There’s still more. People and humans are not the only ones who have inhabited this earth. Creatures big and small, extinct and otherwise, have all seen the big white thing in the sky. They do not know or care what it is, but it’s there nonetheless. They’ve seen it and so have we.
Now were going back to The Beginning. The beginning that is so far behind is that is demands capitalization. Before there were people or dinosaurs or even life on the chunk of rock we have since named earth, there was the moon, still hovering silently next to Earth. Perpetually held in place by the planet’s gravity, the moon remains. There’s no one to see it, no one to acknowledge it, no one to be inspired by it, no one to not care about it. No one has an opinion of the moon because no one exists yet.
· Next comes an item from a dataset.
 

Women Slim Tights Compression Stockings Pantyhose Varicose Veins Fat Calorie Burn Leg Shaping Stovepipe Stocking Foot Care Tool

Earth is quiet and pure, but lifeless. There’s nothing happening yet and nothing close to what we know today will be happening for millennia. Life, as we know it or otherwise, does not exist. Not yet. But, eventually life happens and keeps happening and happening and happening until here we are, driving in cars, going to school, going to work, writing a book, listening to music, worrying about friends, and other mundane things. I am here now too, writing an article and once again, there’s hardly a thought given to the moon.
Perspective sure is a funny thing.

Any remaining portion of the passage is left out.